Don't depend on switches alone to control pressure, temperature, or level, because they can fail undetected. Use them as backup to an analog signal, which produces a continuous output that can be monitored.
Rx#2. Install equipment correctly
The best instrument in the world will do a bad job or fail prematurely if installed incorrectly. Pay attention to:
Device placement. For example, don't install a pressure transmitter on top of steam pipe or the condensate will continuously drain out, and the sensor will be exposed to live steam 100% of the time.

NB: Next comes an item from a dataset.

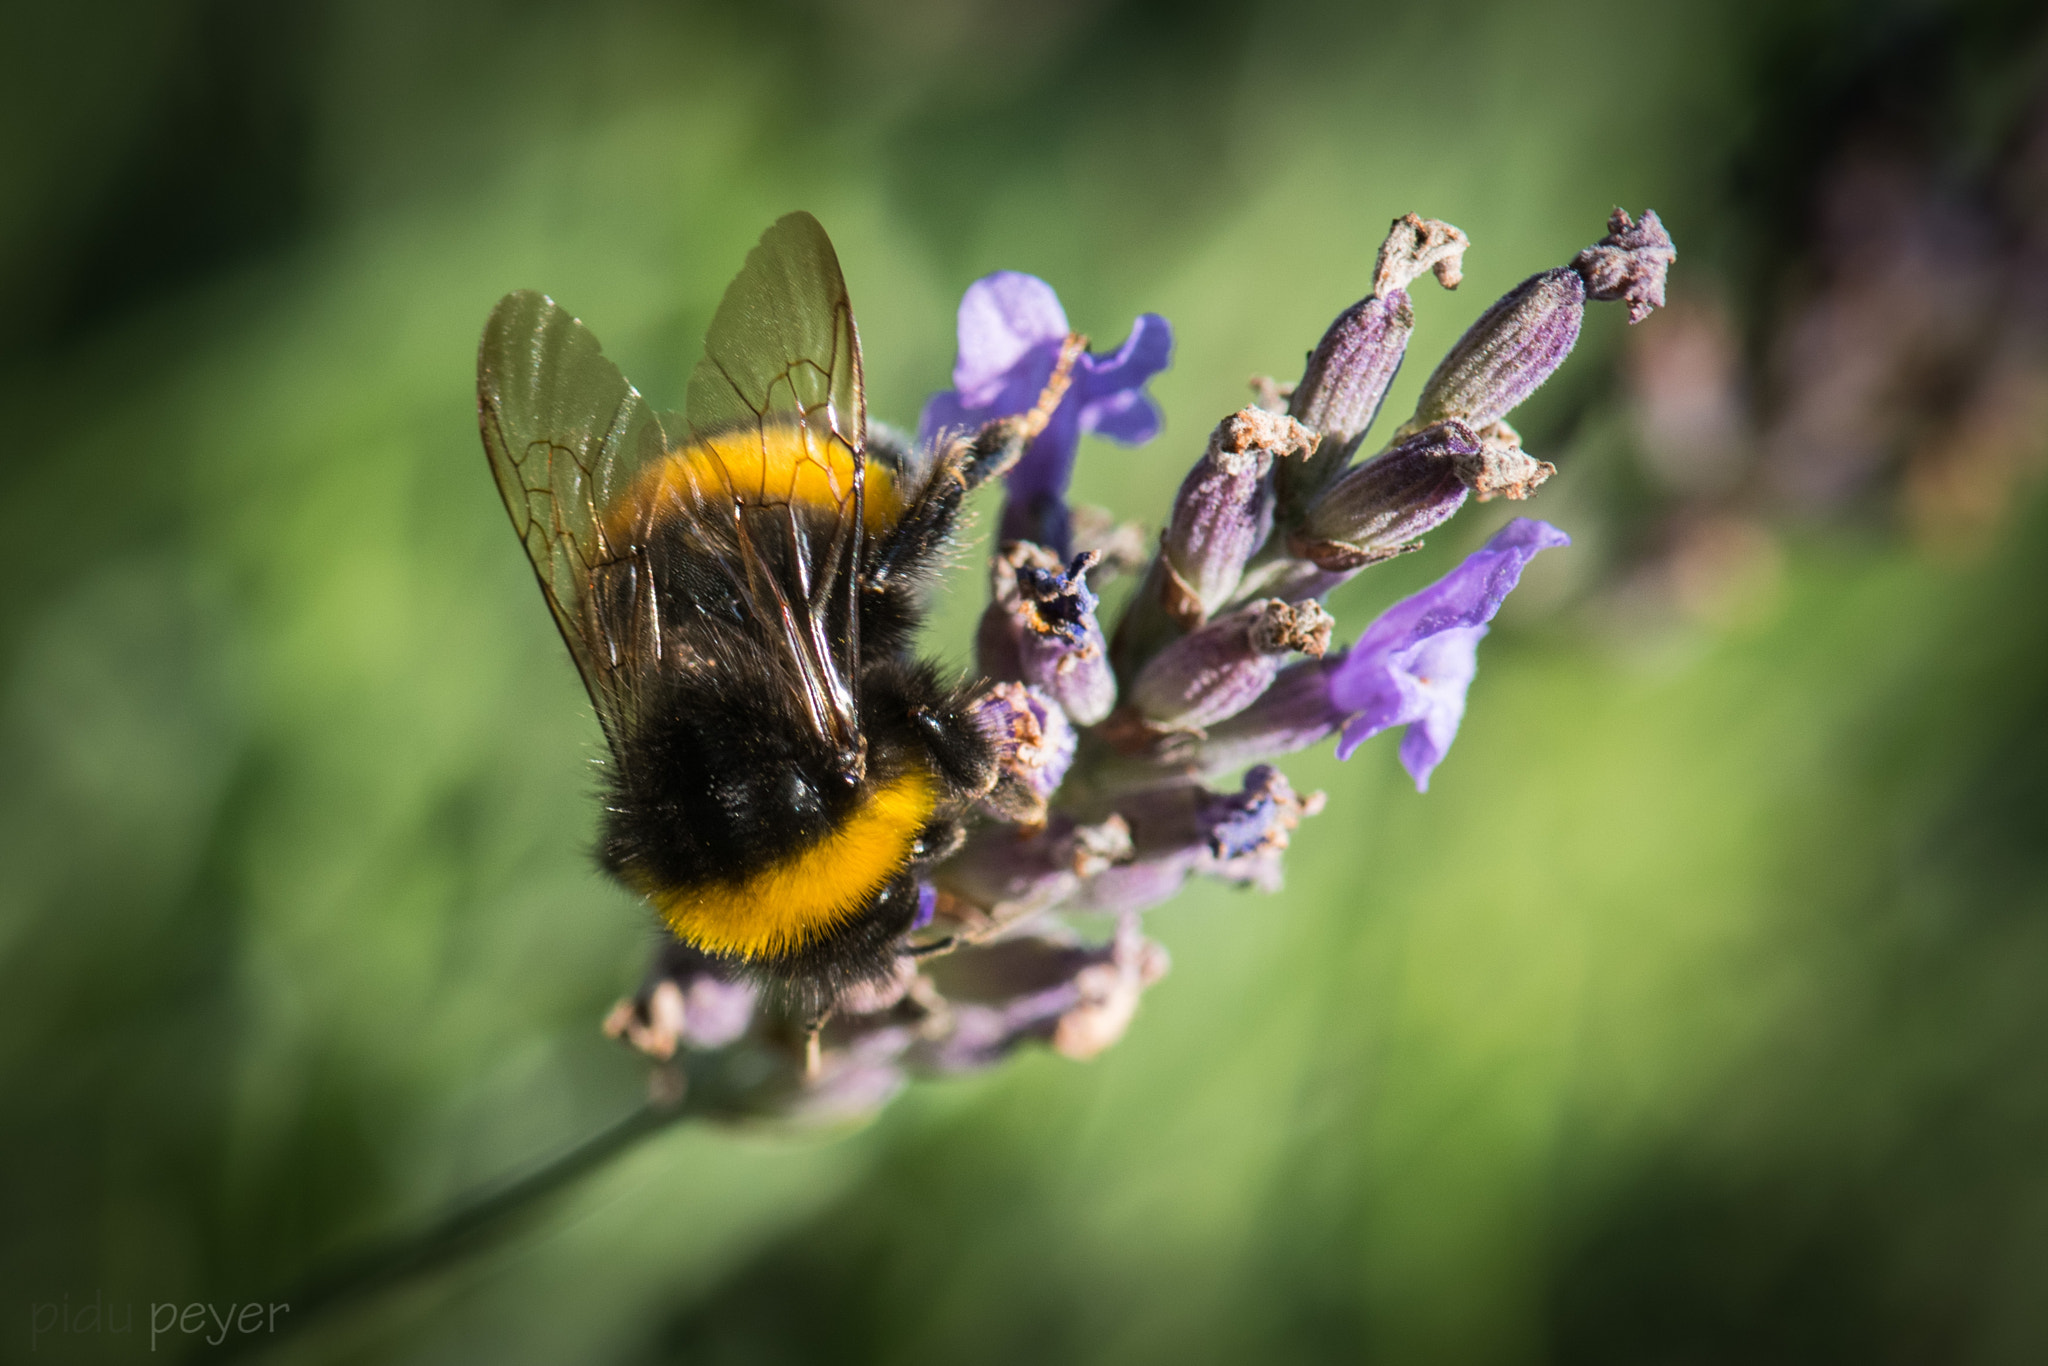 Nikon D5 sample photo. Wing structures of a bumblebee photography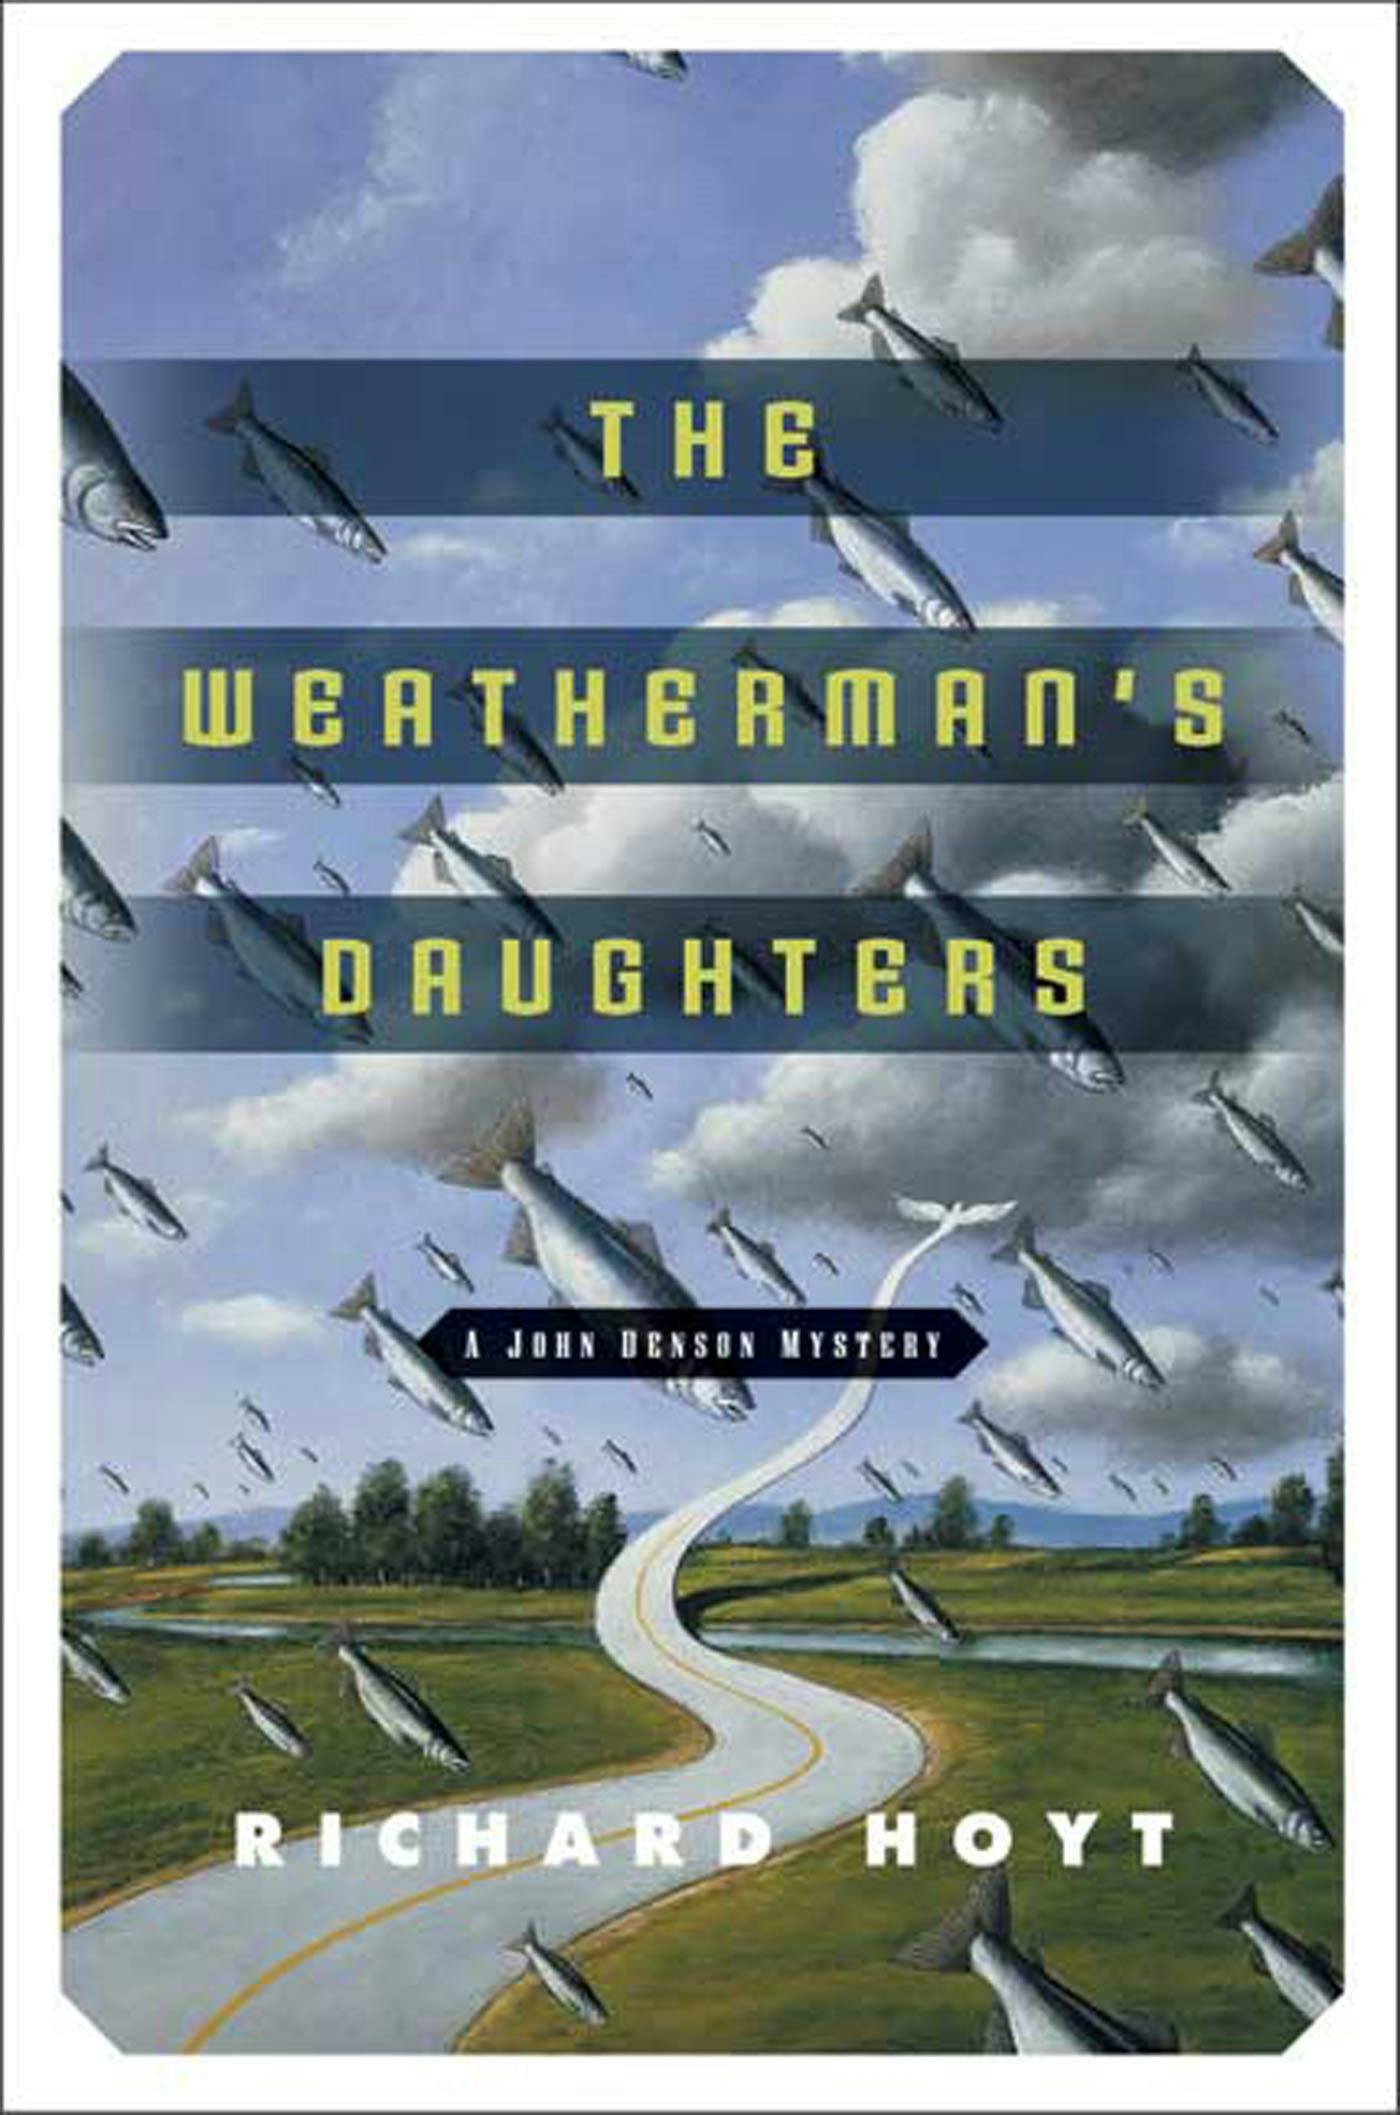 Cover for the book titled as: The Weatherman's Daughters

Pipe runs. Make sure there is enough straight run, or a flow conditioner, upstream of a flowmeter (see illustration).
Mounting. Mount instruments in the right orientation: up for gas, down for liquid.
Routing. Route impulse tubes carefully (see illustration). If practical, eliminate them.
Power input. Make sure power is reliable and free of electrical noise, surges, and spikes.
Grounding. Some instruments—magmeters, for example—must be grounded properly. Ensure shielding is grounded at one point only.
Ambient temperature. Operating a sensor or transmitter outside its rated temperature range will shorten its life.
Corrosive atmosphere. According to Scott Saunders, vice president of sales and marketing at Moore Industries-International Inc., some people in the chemical industry will "take an RTD [resistance temperature detection] measurement to a transmitter; they'll install it—a brand new application—and everything is working great. They'll come back to their preventive maintenance schedule six months later, remove the RTD leads, stick in their RTD source simulator, dial in a particular temperature, and call back to the control room to make sure it's reading 4, 12, and 20 going through the scale. Once it checks out, they install the RTD right back onto the leads of the transmitter. Now they've re-introduced the biggest error of the whole measuring system: corrosion of the 3-wire RTD leads." A 3-wire RTD assumes the lead impedance will not change. In a corrosive atmosphere, the lead resistance can increase over time. A 4-wire installation minimizes this problem.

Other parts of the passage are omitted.